In her first speech upon being reappointed as Competition Commissioner, Commissioner Vestager announced that a review would be undertaken of the Commission’s Market Definition Notice (the “Notice”); the consultation on that review closed Friday, October 9th. The Notice is an important document in European competition law; it sets out the analytical framework under which the Commission decides who competes with who, a process which has determinative implications in both merger control and antitrust enforcement. The Notice is however older than most law firm trainees and clearly showing its age. Revising the Notice now can act as a release valve in response to calls for radical reforms to the merger review process in the wake of its controversial Siemen / Alstom prohibition, without regulation or treaty change, which could open a pandora’s box for the Commission. The consultation also needs to be considered in the context of a plethora of other reform initiatives to EU competition law aimed at harnessing U.S. tech giants.

As a leading voice in EU competition law, Shearman & Sterling has submitted its views to the Commission in response to the consultation.
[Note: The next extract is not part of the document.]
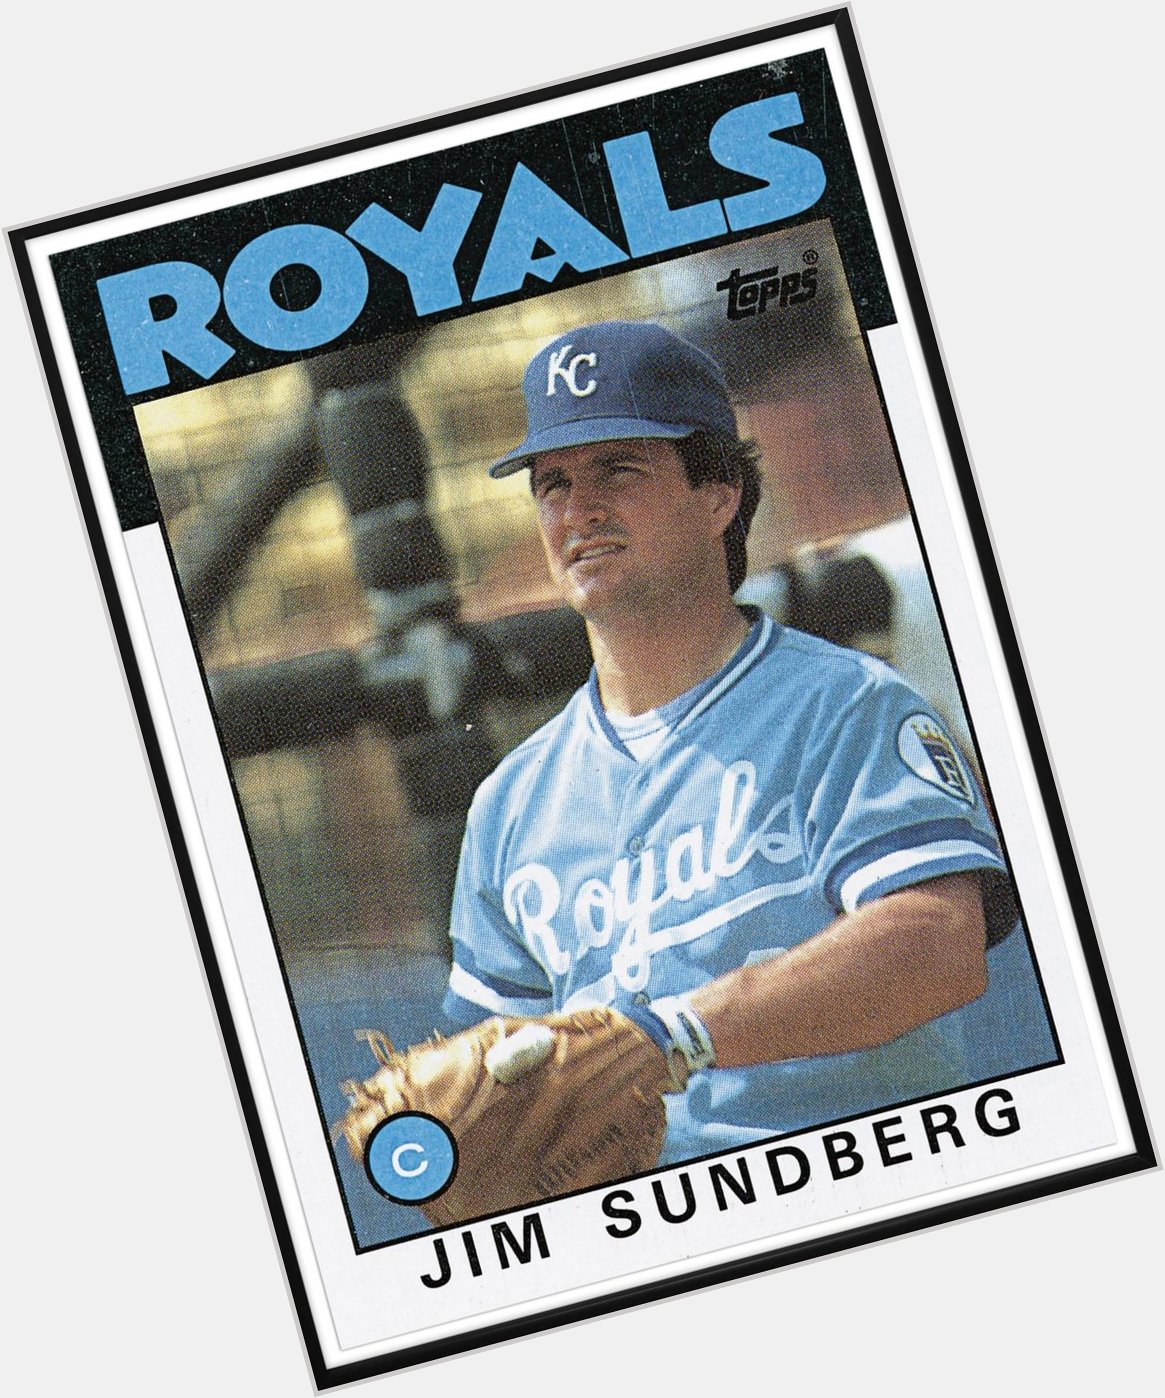 Happy Birthday to former catcher Jim Sundberg -

The Notice continues to provide a solid methodological framework, but clarity is needed on the issues of the day—globalization and digitalization. The Notice needs to find the delicate balance between flexibility to deal with markets across all sectors, which are evolving at different rates and legal certainty. We have also sought to focus our response on the practical elements of defining a market—it’s the day-to-day implementation of the Notice that can make or break a case—and determine how difficult the process is for businesses.

What Is the Market Definition Notice?

Defining a market is the first step the Commission takes when investigating any case, whether in merger control or antitrust enforcement. It’s a fairly rigid process to identify which products are “interchangeable or substitutable” with those that are being investigated. This definition is then used to delineate which products provide a competitive constraint and exclude those that are not considered to be competitors. Within this perimeter, the Commission calculates market shares, which it uses as an indicator of market power. This process is a key area of divergence from the U.S. process, which does not rely on this rigid structural framework step in the merger review process. In merger control, hitting the right market definition can swing a transaction from a prohibition or divestiture, towards clearance; and in antitrust cases, different market definitions can establish different scales of infringement, or in abuse of dominance cases rebut the allegation of an infringement altogether.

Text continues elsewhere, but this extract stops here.